__What the task asks__: Omit all images, then repeat exactly the lines below from the one containing "公式通販にて購入 BURTON バインディングパーツ ダブルテイク アンクル" through the one containing "拒不支付劳动报酬、逾期不缴社保 北京市6家企业被曝光", both ends included.

__Supplied entries__:
____________________

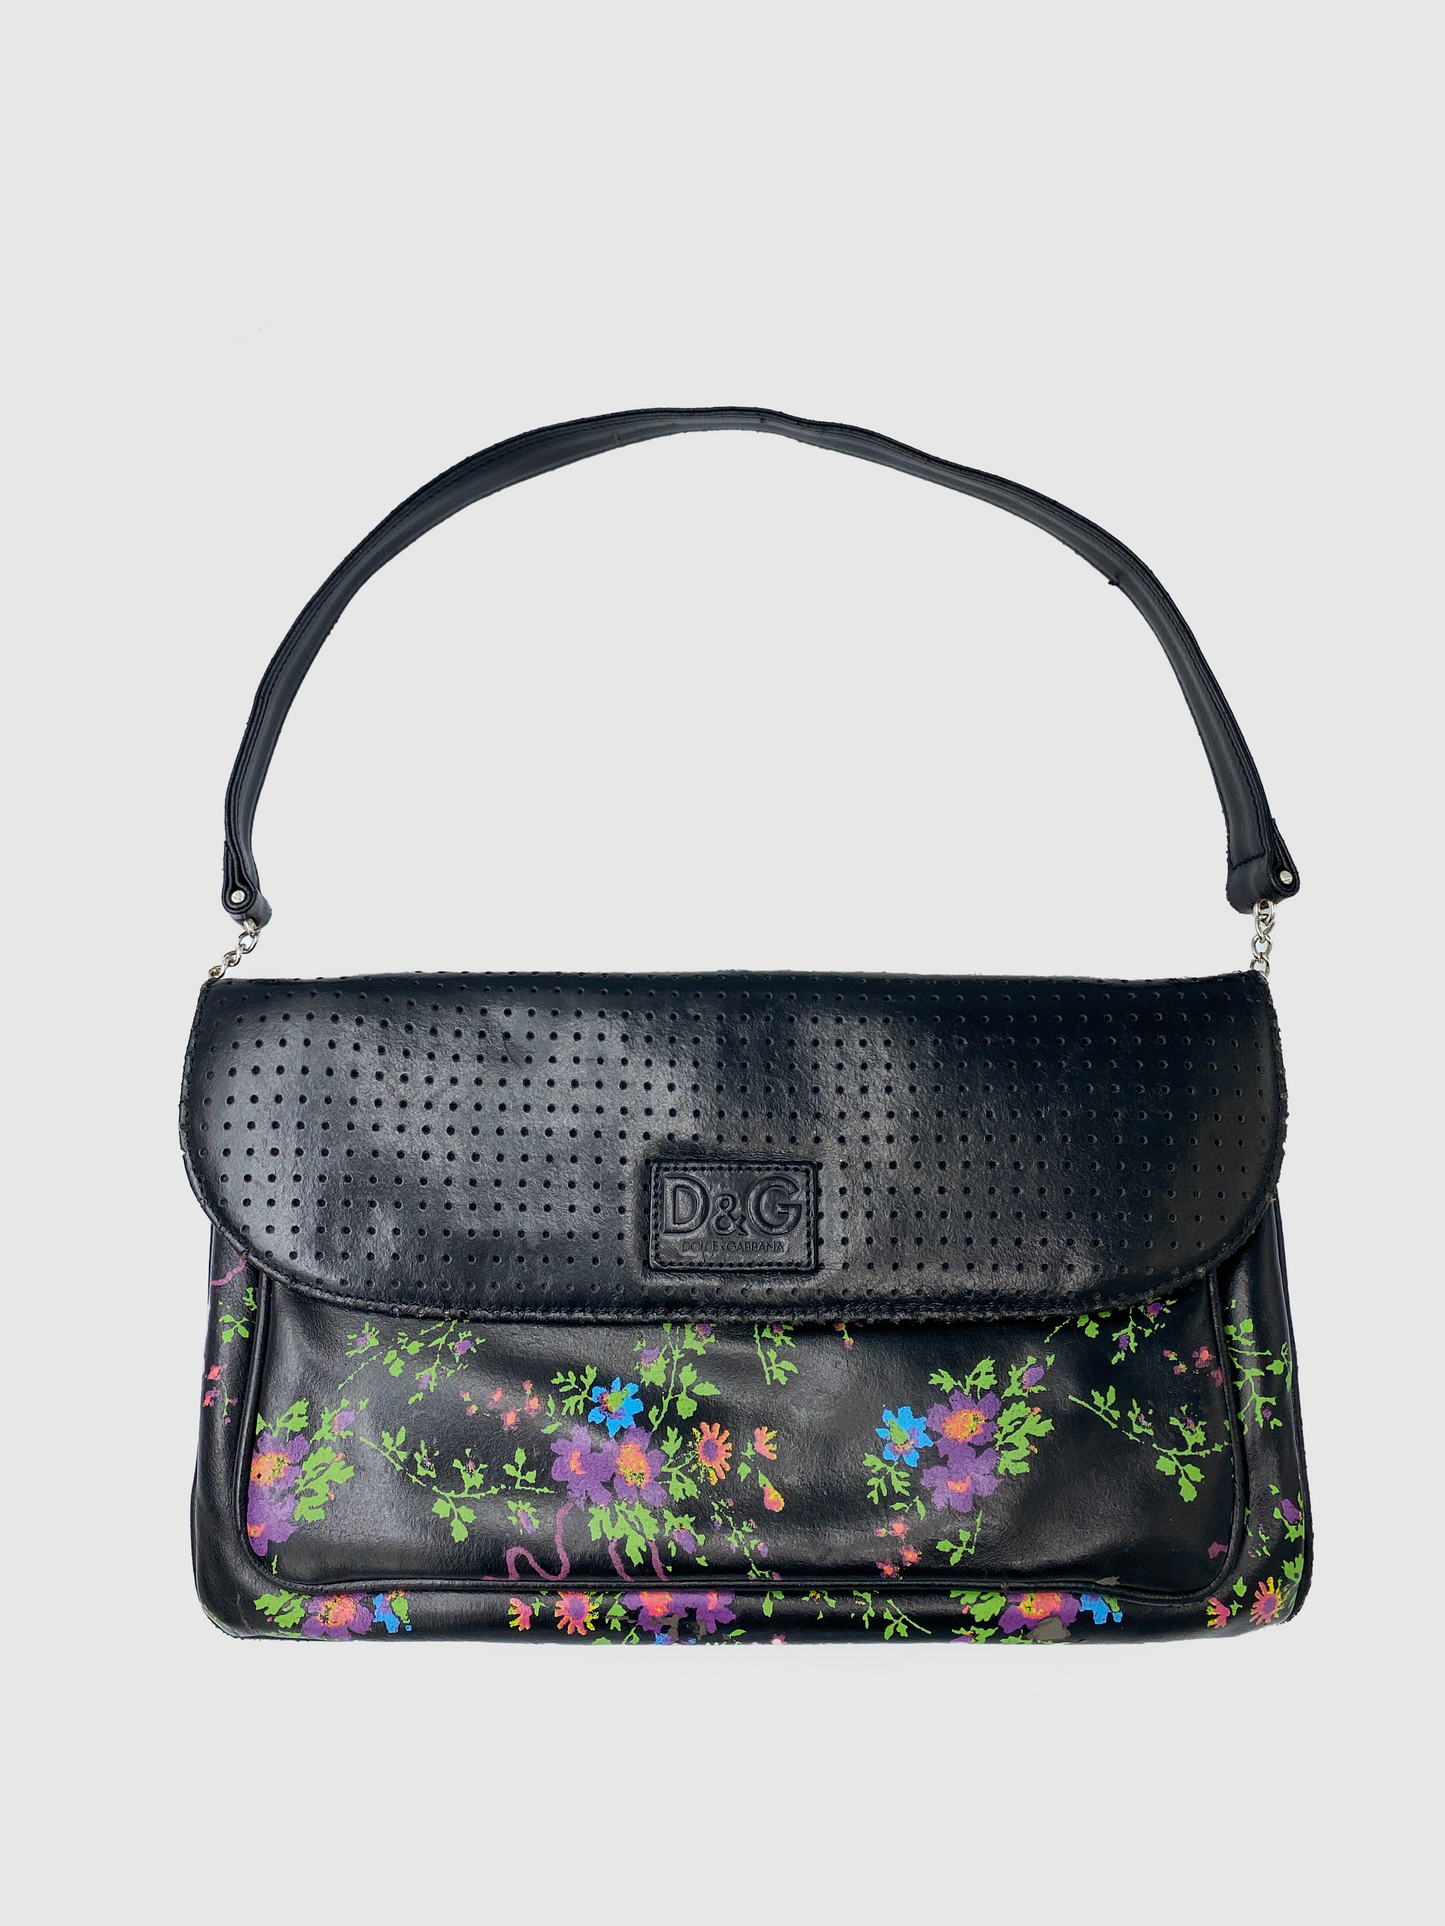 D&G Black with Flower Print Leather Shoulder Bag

____________________

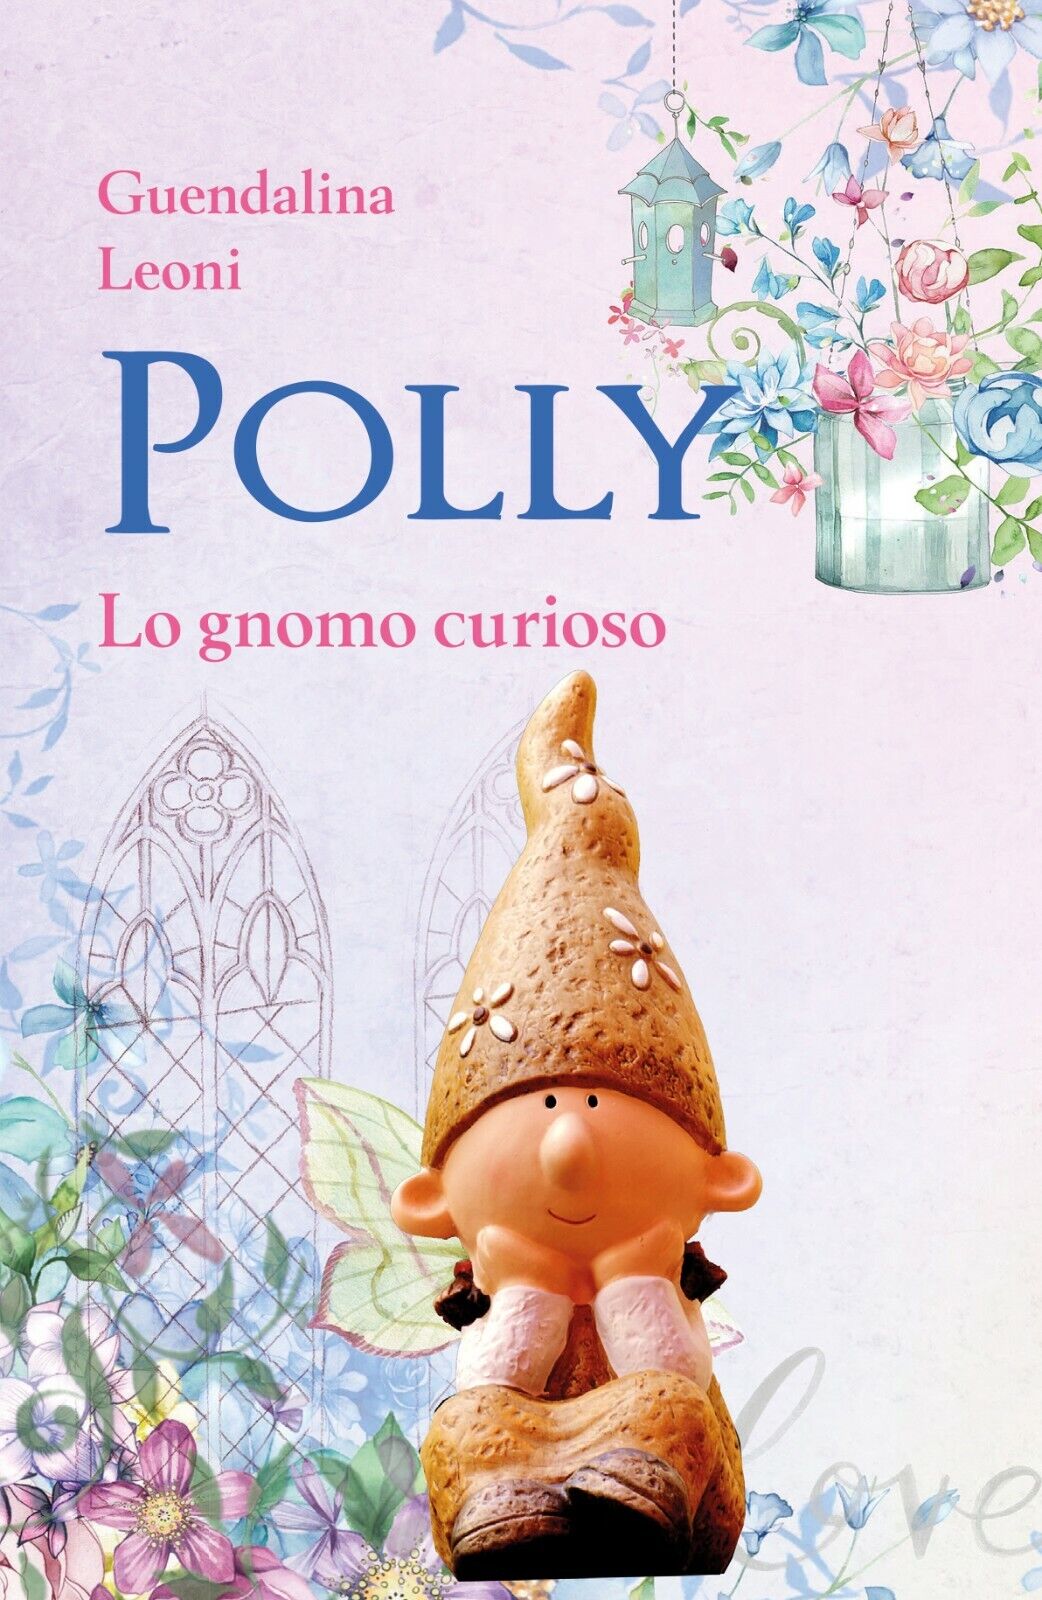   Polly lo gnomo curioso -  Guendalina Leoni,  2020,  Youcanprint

____________________

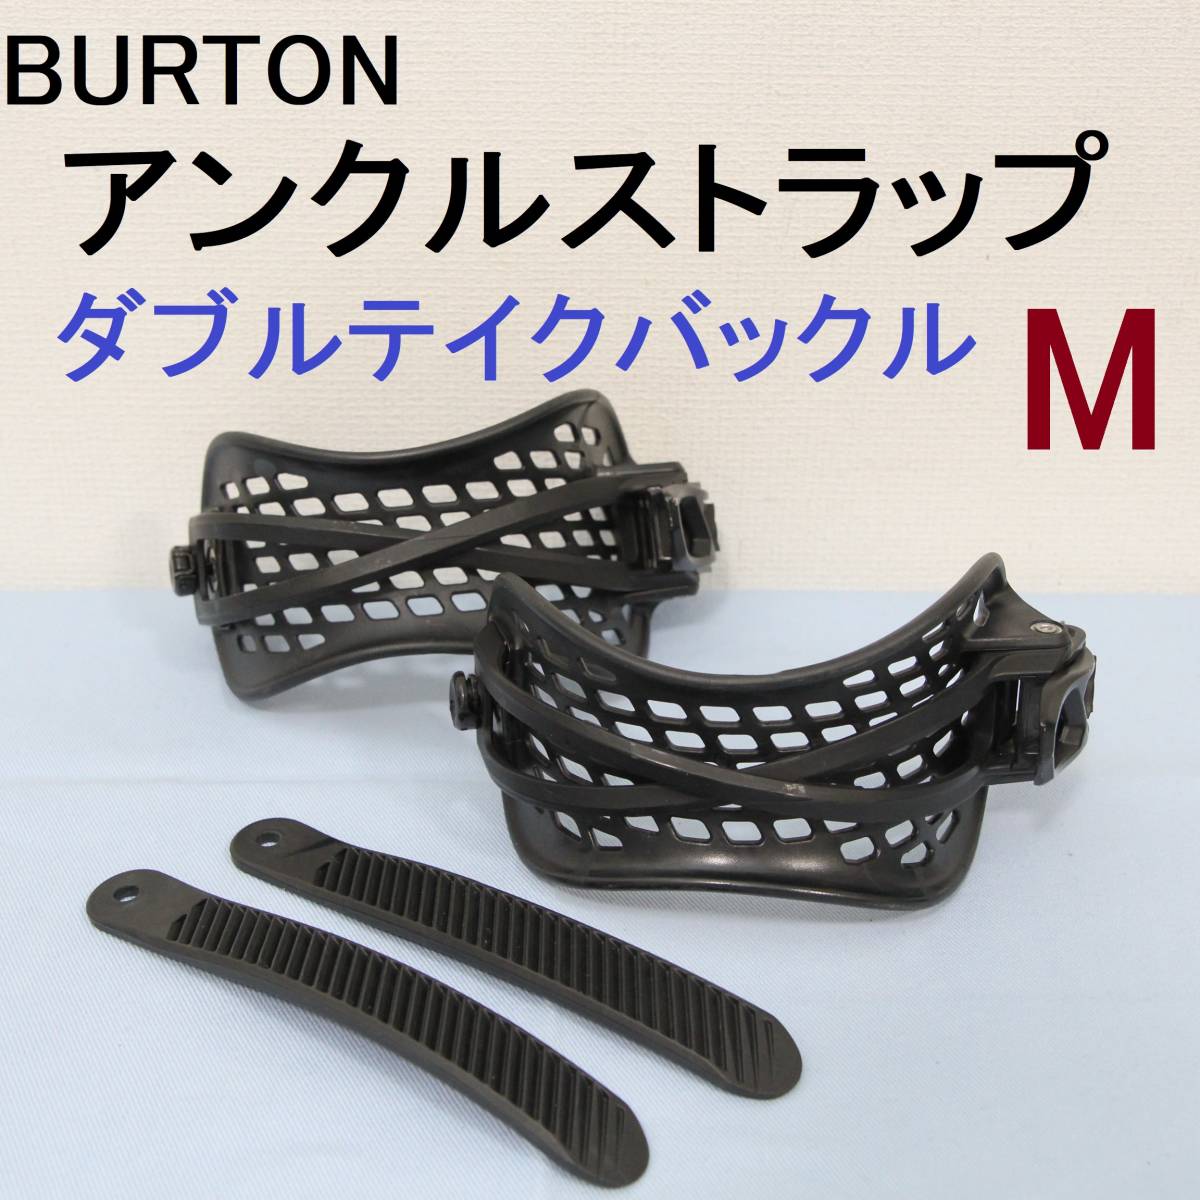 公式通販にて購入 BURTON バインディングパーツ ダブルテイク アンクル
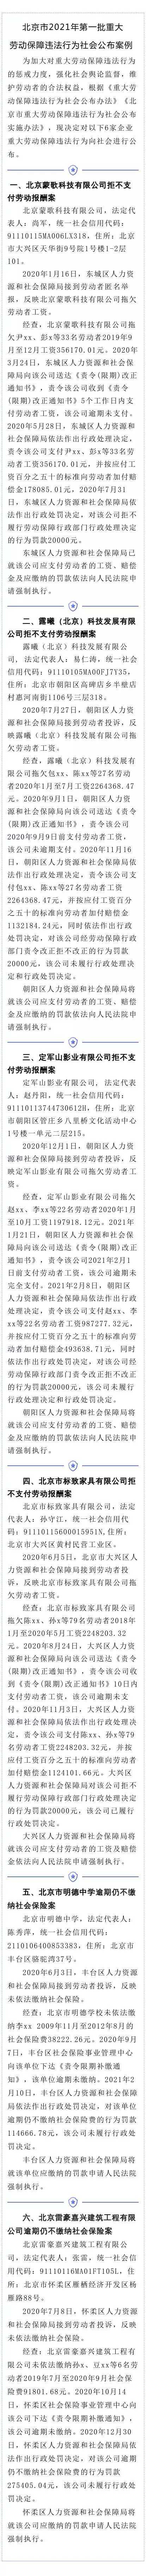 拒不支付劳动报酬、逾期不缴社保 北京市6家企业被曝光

____________________

__Answer box__:
 公式通販にて購入 BURTON バインディングパーツ ダブルテイク アンクル
 拒不支付劳动报酬、逾期不缴社保 北京市6家企业被曝光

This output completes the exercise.